Problem details
Within the records below is a range that opens at the line with "Image of Tron: Evolution" and closes at the line with "Ryanair has Lavazza, Aer". Return that range word for word, both ends included, and only that range.

=-=-=-=-=

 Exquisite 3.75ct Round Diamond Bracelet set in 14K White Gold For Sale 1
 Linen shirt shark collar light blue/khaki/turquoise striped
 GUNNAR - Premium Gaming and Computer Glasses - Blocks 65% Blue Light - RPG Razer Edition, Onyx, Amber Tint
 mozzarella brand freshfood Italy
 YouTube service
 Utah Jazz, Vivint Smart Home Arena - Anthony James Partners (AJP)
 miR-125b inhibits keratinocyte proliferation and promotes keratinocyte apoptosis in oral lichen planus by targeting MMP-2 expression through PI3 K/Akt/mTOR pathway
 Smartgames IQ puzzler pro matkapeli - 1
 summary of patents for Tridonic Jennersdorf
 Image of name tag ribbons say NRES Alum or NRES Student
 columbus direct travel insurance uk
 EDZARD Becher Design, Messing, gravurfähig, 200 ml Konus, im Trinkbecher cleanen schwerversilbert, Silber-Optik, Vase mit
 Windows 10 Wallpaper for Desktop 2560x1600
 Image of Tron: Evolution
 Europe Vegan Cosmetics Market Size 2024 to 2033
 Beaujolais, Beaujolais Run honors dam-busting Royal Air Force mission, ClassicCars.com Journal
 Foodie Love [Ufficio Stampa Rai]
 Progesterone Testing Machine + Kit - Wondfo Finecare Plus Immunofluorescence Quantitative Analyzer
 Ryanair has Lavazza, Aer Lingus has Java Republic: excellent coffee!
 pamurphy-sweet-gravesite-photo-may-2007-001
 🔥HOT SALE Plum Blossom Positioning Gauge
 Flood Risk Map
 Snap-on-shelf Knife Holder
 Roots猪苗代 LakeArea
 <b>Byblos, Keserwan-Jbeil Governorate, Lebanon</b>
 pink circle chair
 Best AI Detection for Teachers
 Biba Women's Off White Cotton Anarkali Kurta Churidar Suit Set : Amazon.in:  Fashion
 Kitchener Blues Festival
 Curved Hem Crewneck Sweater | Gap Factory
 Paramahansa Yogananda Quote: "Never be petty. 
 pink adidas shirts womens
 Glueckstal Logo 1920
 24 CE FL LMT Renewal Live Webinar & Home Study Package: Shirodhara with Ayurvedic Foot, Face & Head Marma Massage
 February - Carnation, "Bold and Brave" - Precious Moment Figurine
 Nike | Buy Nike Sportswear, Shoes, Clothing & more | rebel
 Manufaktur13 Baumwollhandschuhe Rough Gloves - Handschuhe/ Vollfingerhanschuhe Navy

=-=-=-=-=

Output of the exercise
 Image of Tron: Evolution
 Europe Vegan Cosmetics Market Size 2024 to 2033
 Beaujolais, Beaujolais Run honors dam-busting Royal Air Force mission, ClassicCars.com Journal
 Foodie Love [Ufficio Stampa Rai]
 Progesterone Testing Machine + Kit - Wondfo Finecare Plus Immunofluorescence Quantitative Analyzer
 Ryanair has Lavazza, Aer Lingus has Java Republic: excellent coffee!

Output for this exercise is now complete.